## What to produce
Copy out the whole listing exactly as written, leaving the pictures behind.

## Data extract
•••••
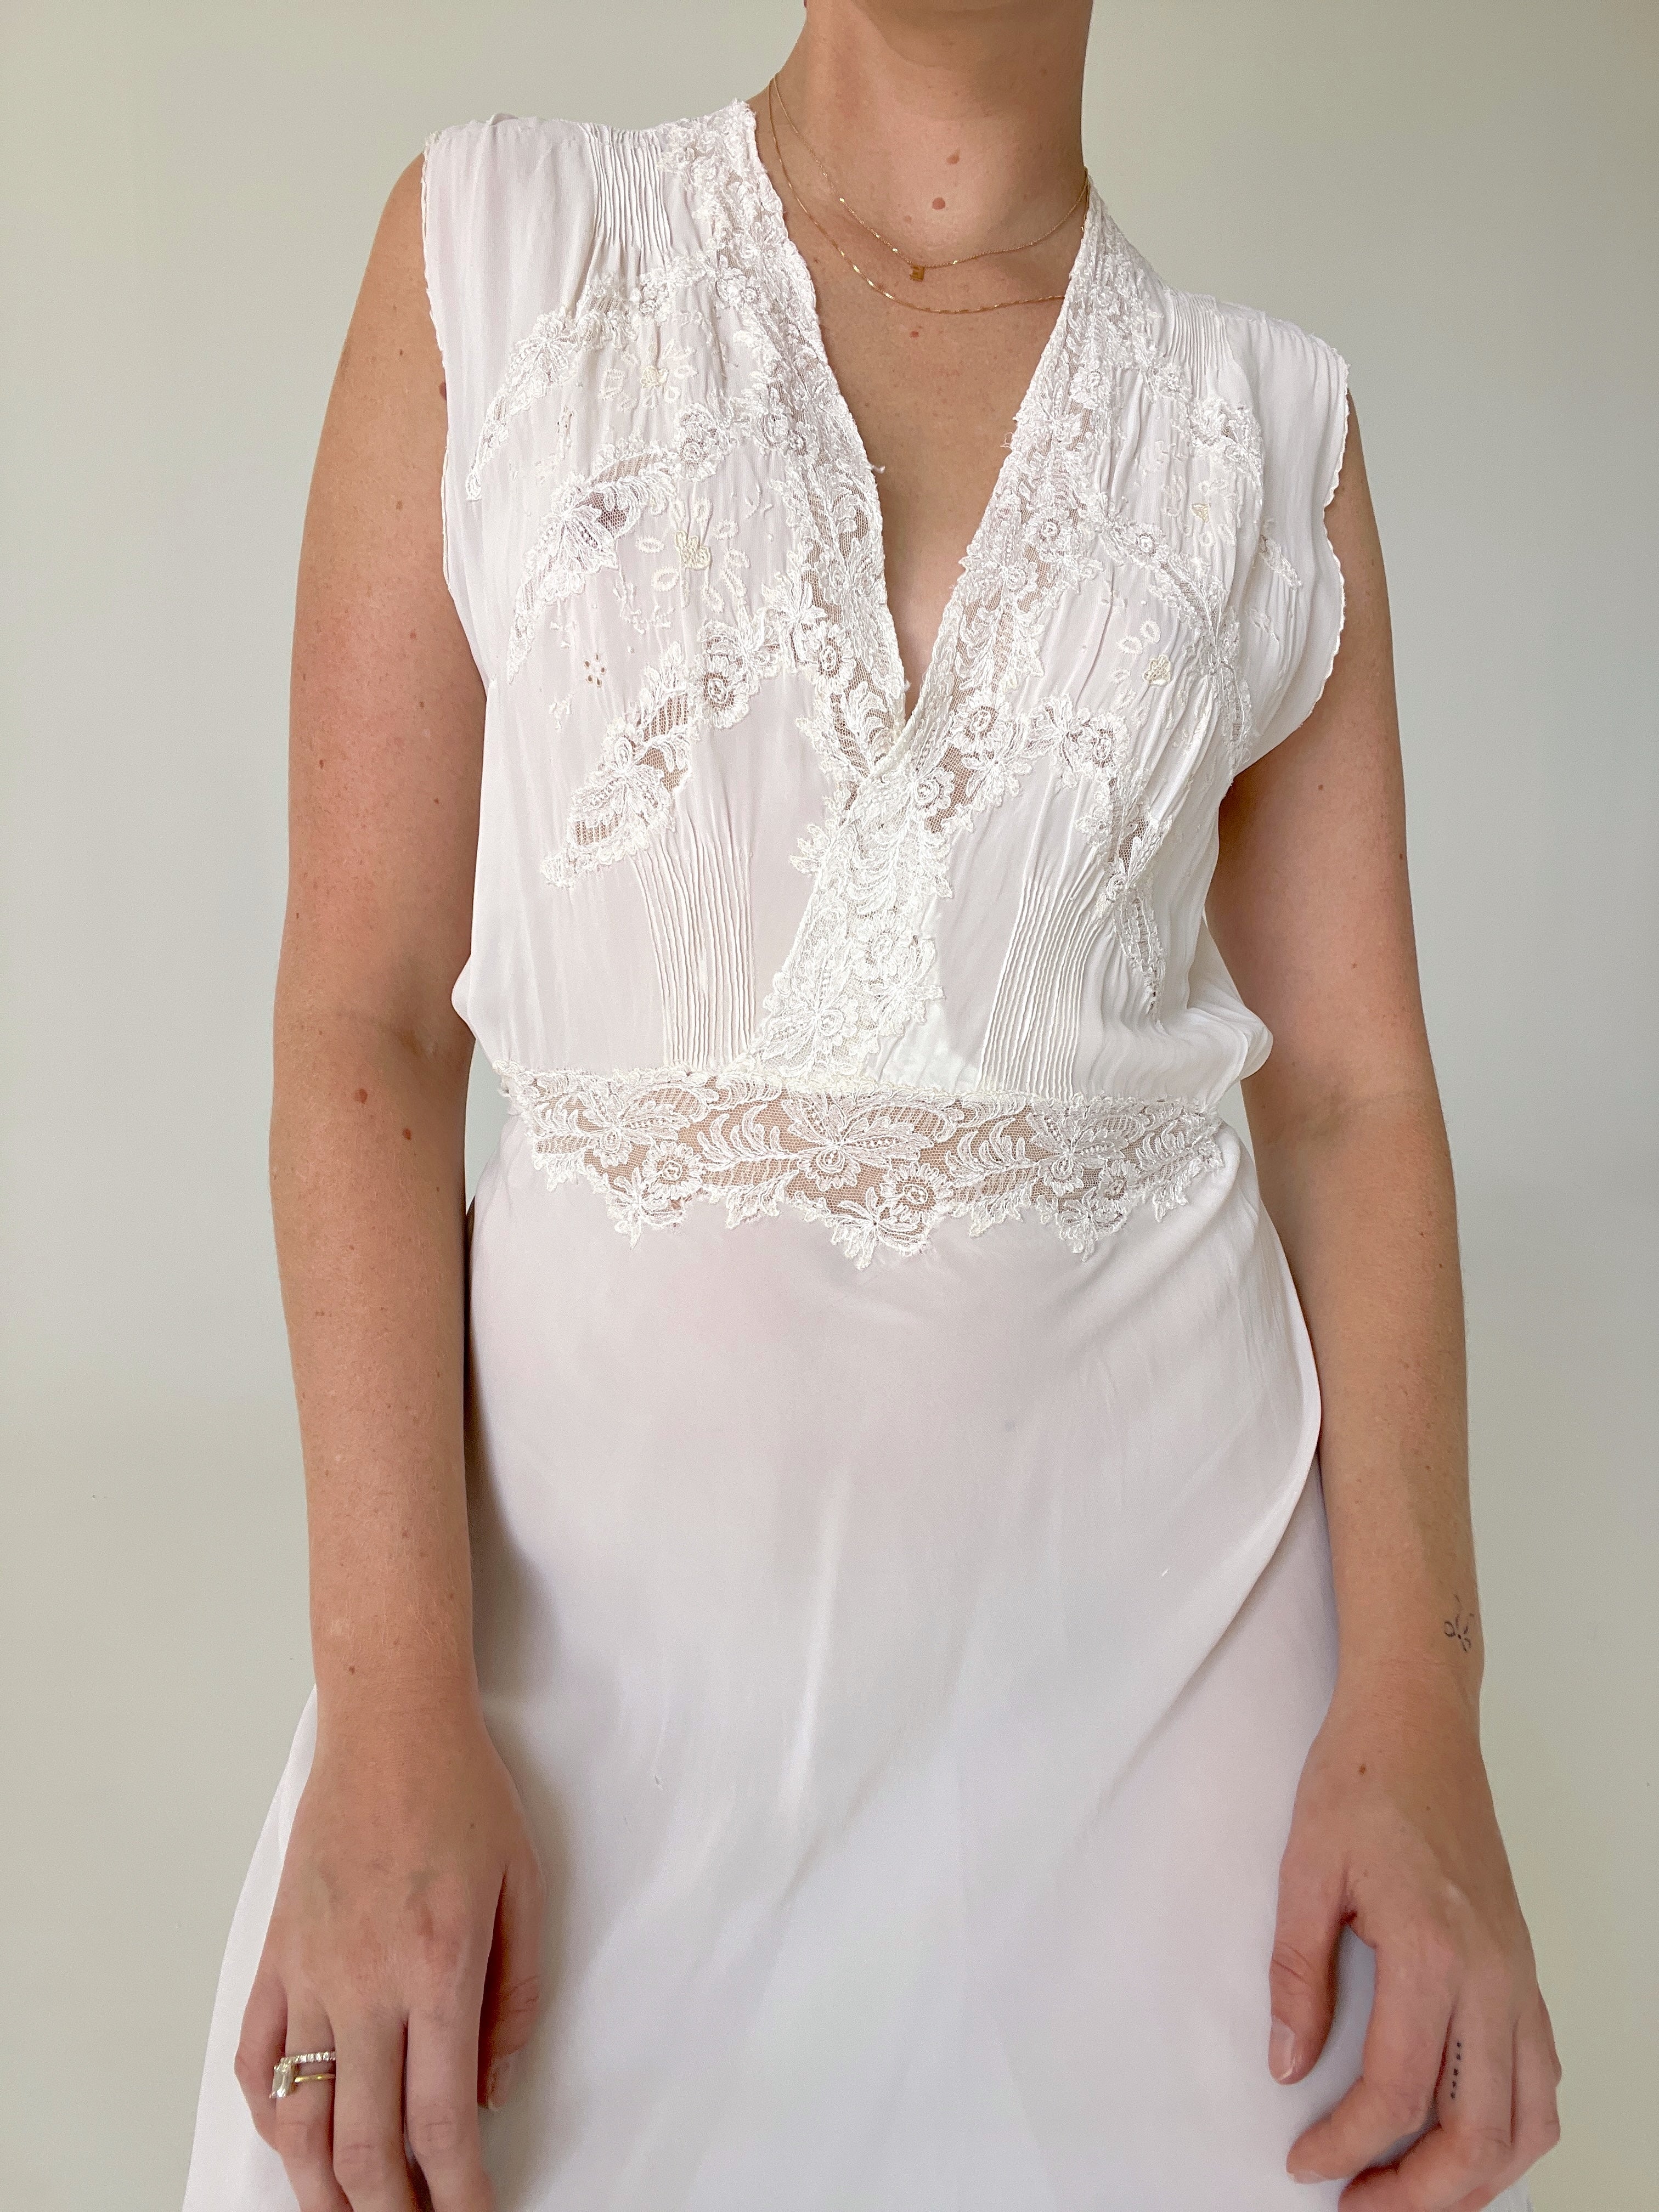 1930's Bridal White Silk Slip Dress with Lace
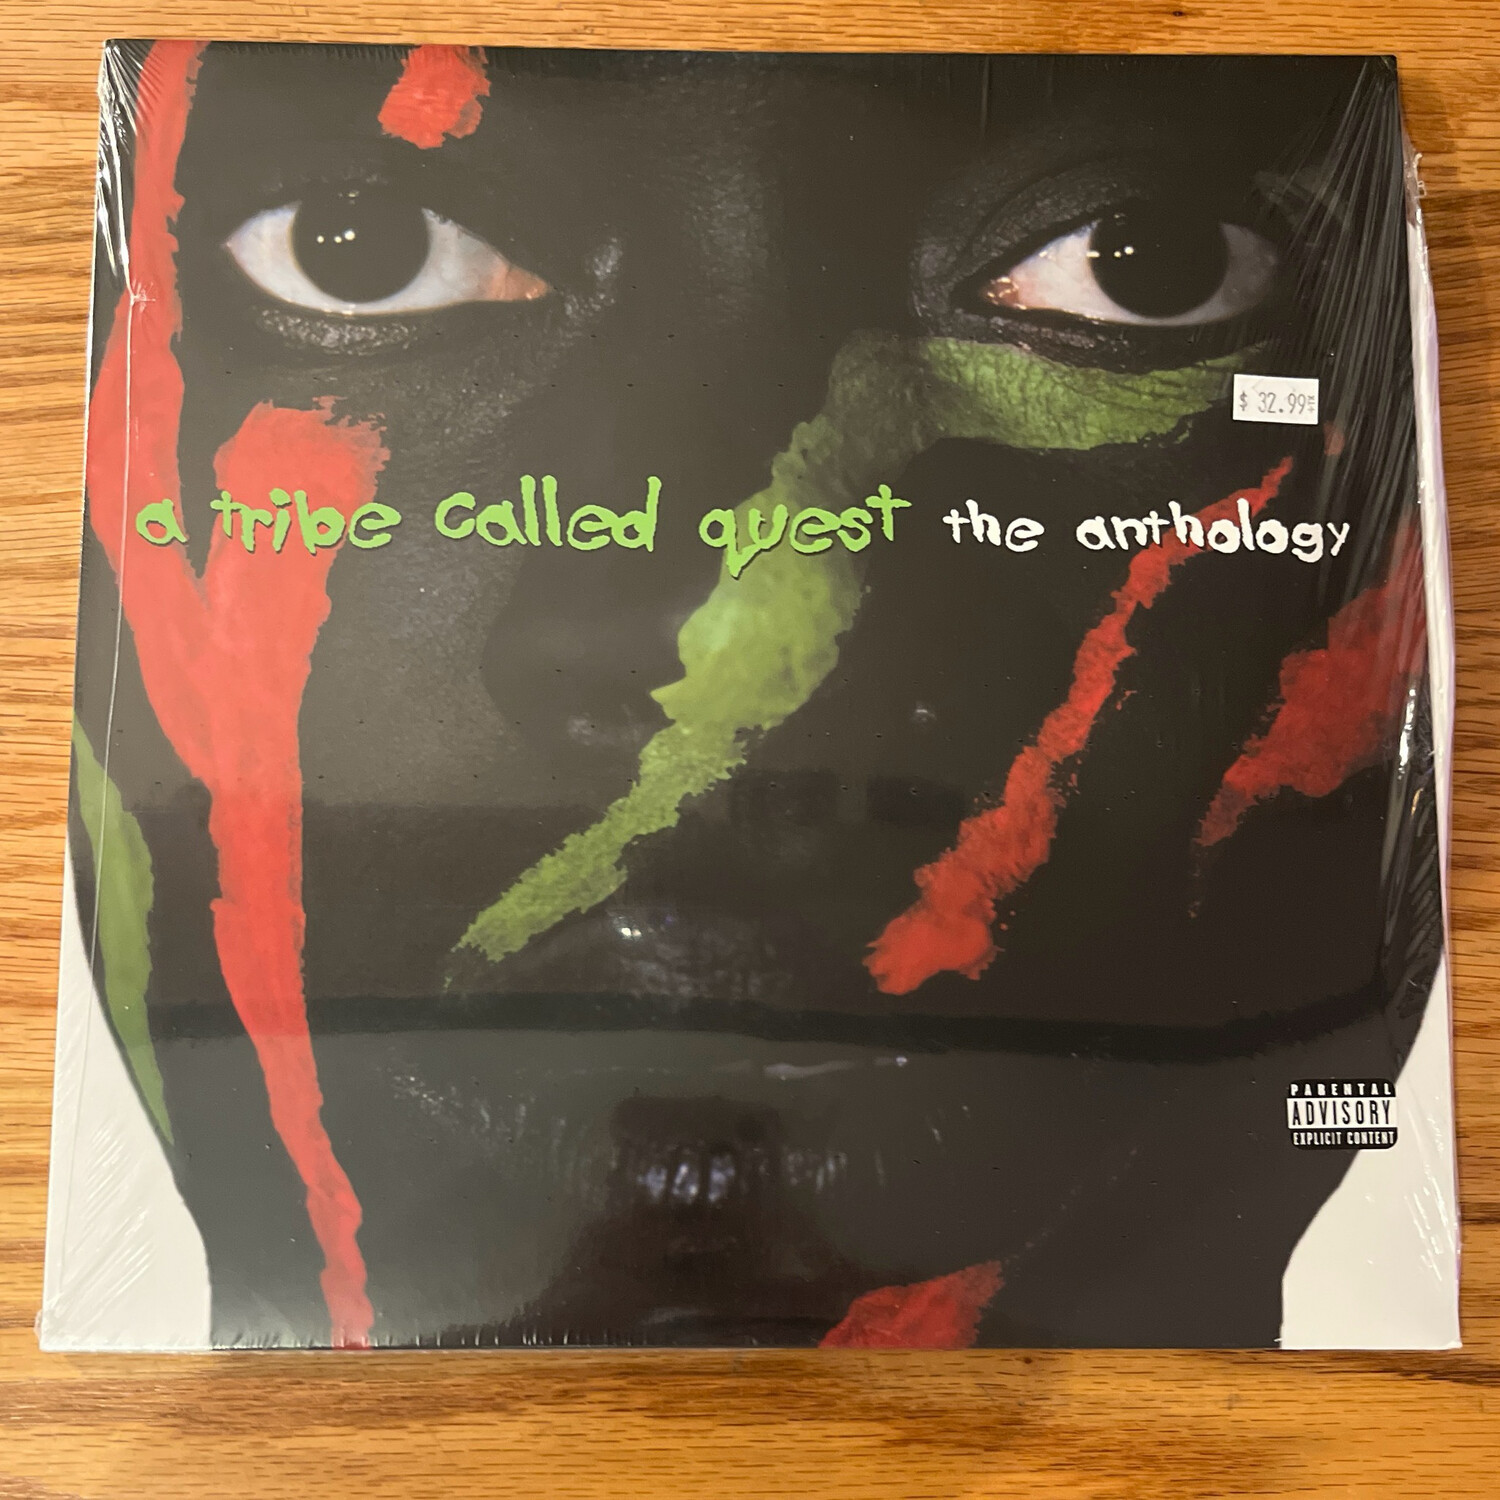 A Tribe Called Quest “The Anthology”
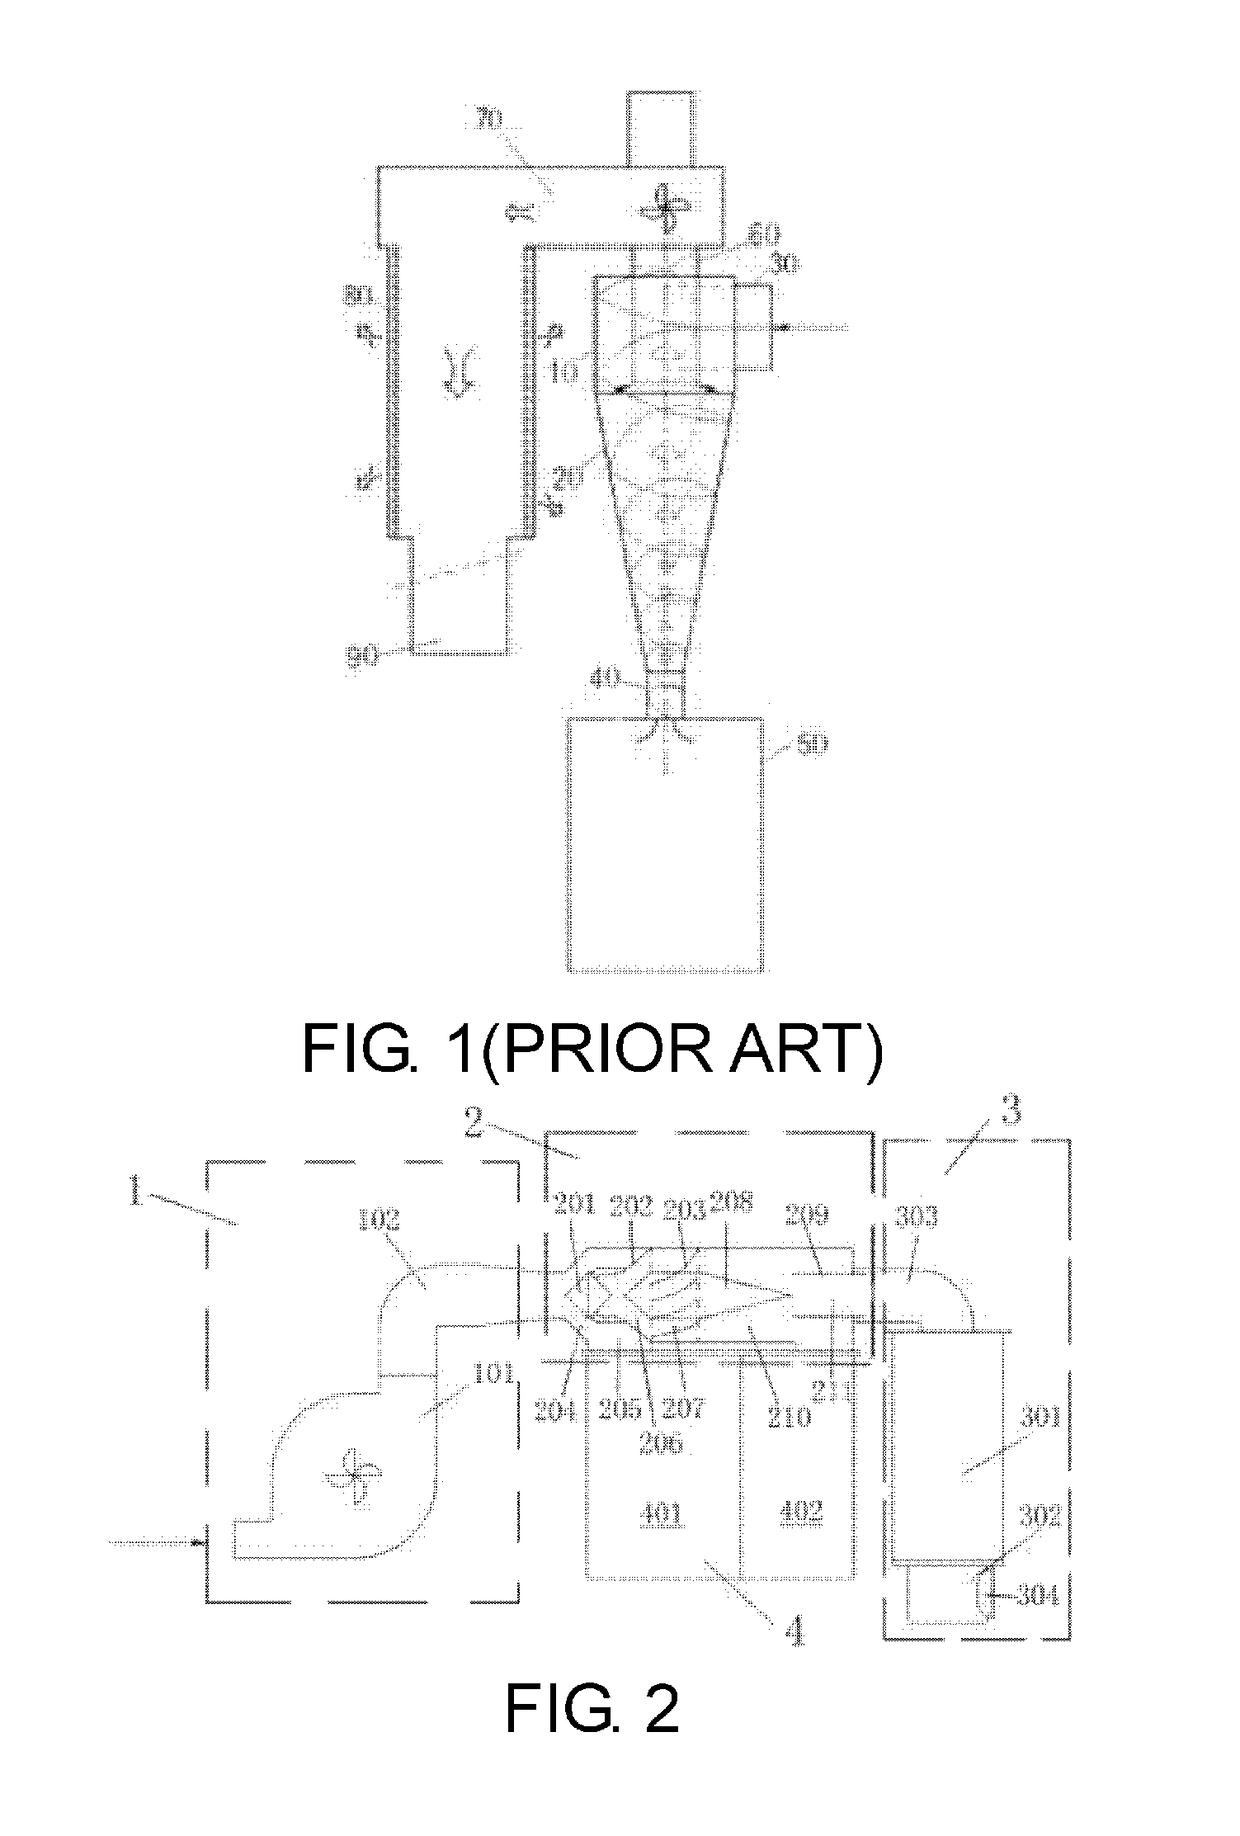 Dust separation apparatus and intelligent control system including the apparatus
•••••
## Exercise response
 1930's Bridal White Silk Slip Dress with Lace
 A Tribe Called Quest “The Anthology”
 Dust separation apparatus and intelligent control system including the apparatus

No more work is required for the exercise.